**DATA SHOWN**
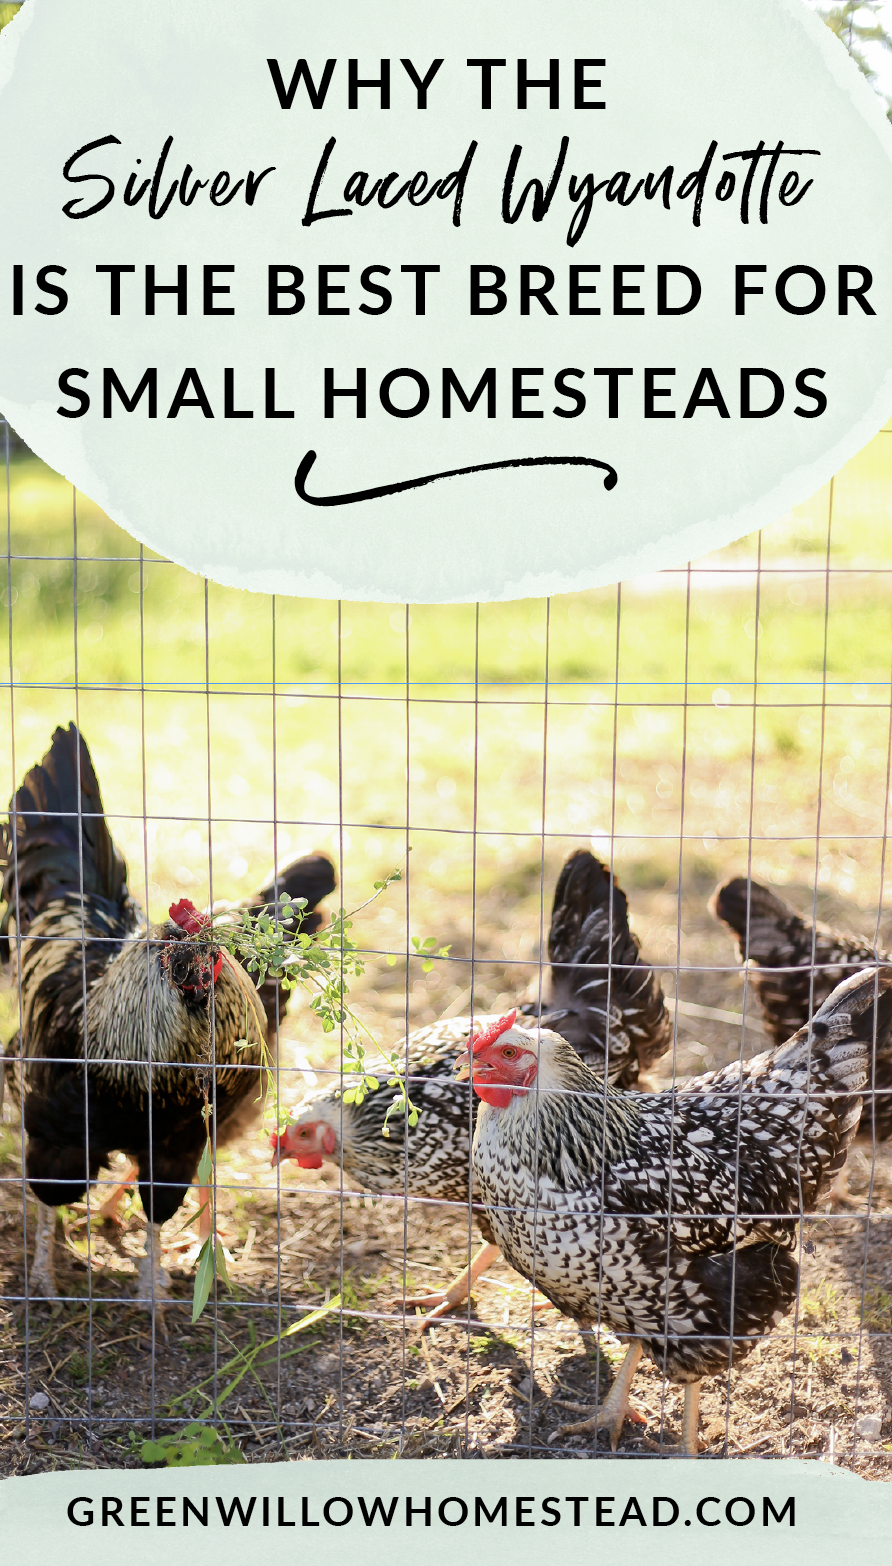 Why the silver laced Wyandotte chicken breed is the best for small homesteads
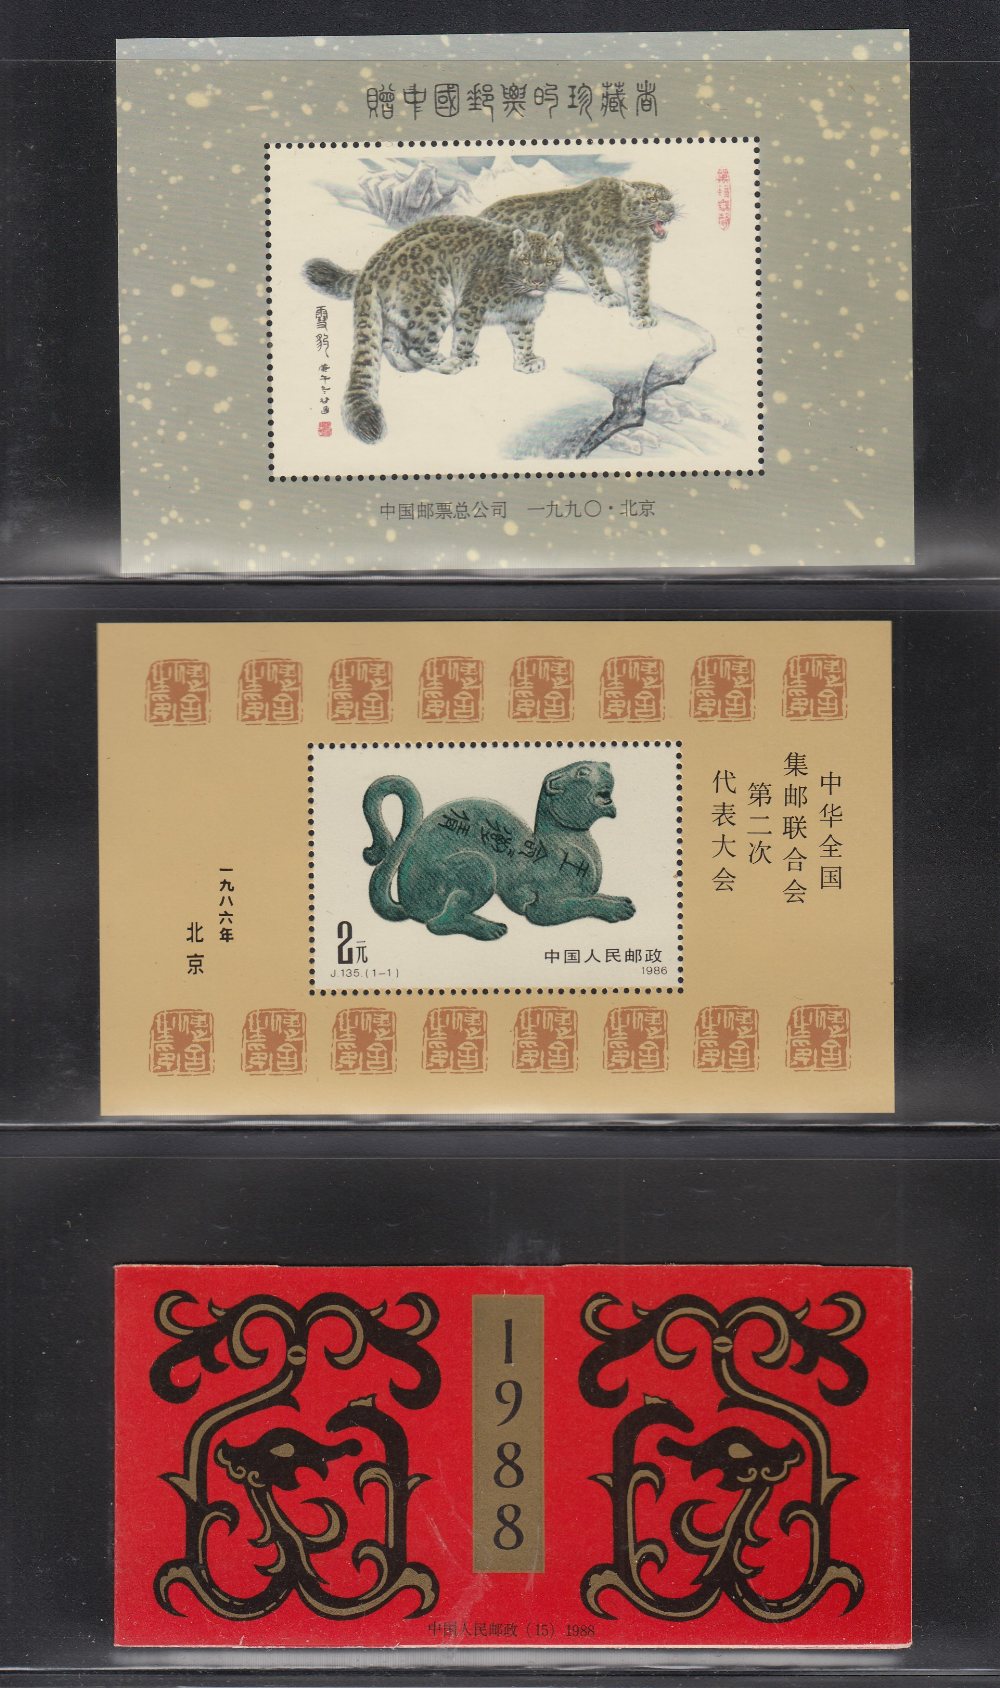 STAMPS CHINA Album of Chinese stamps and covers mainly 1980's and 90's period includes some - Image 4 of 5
* * *
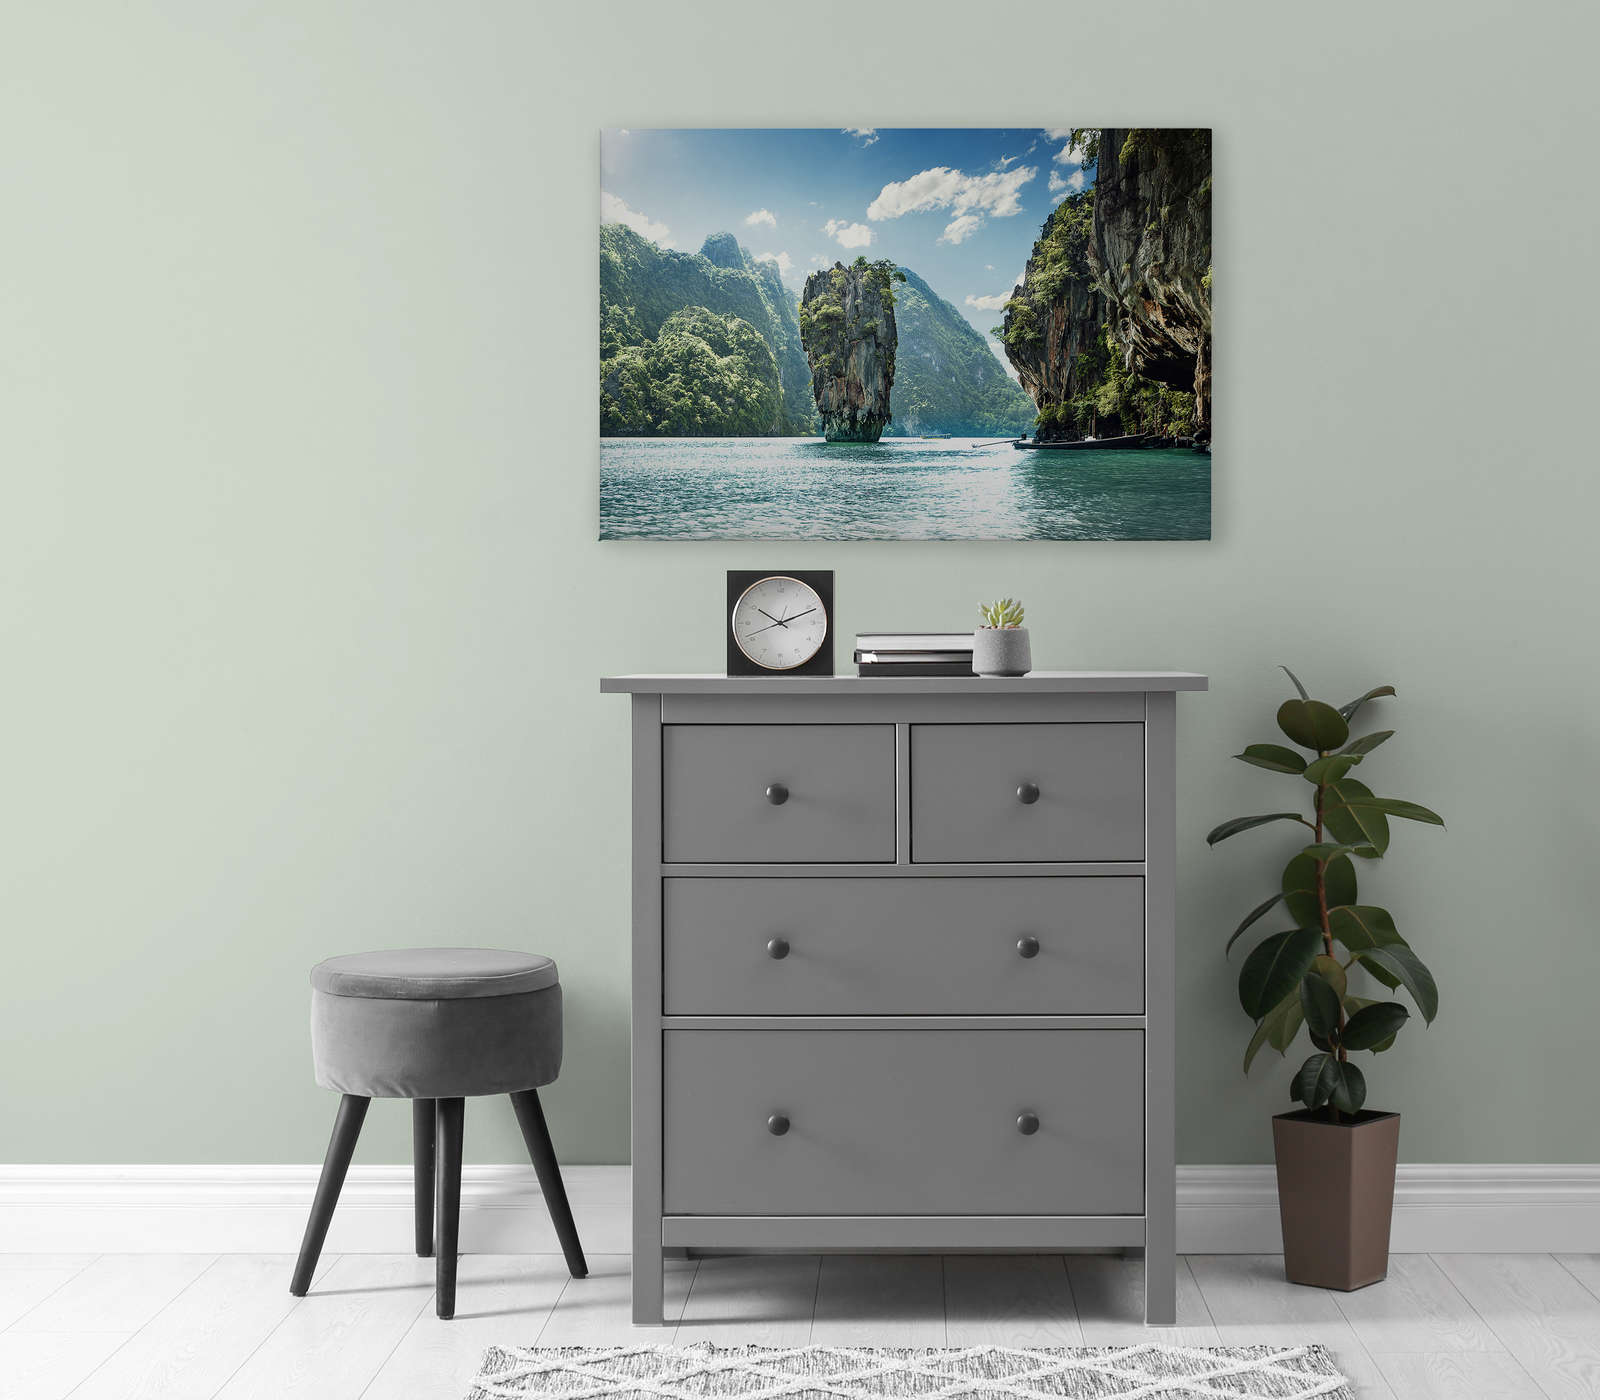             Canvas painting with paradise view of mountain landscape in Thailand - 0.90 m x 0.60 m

**WORK REQUIRED**
Your task is to copy only the lines above starting at the one containing "Why the silver" and ending at the one containing "STAMPS CHINA Album". Copy them exactly, both ends included, and omit the pictures.

**FINAL ANSWER**
 Why the silver laced Wyandotte chicken breed is the best for small homesteads
 STAMPS CHINA Album of Chinese stamps and covers mainly 1980's and 90's period includes some - Image 4 of 5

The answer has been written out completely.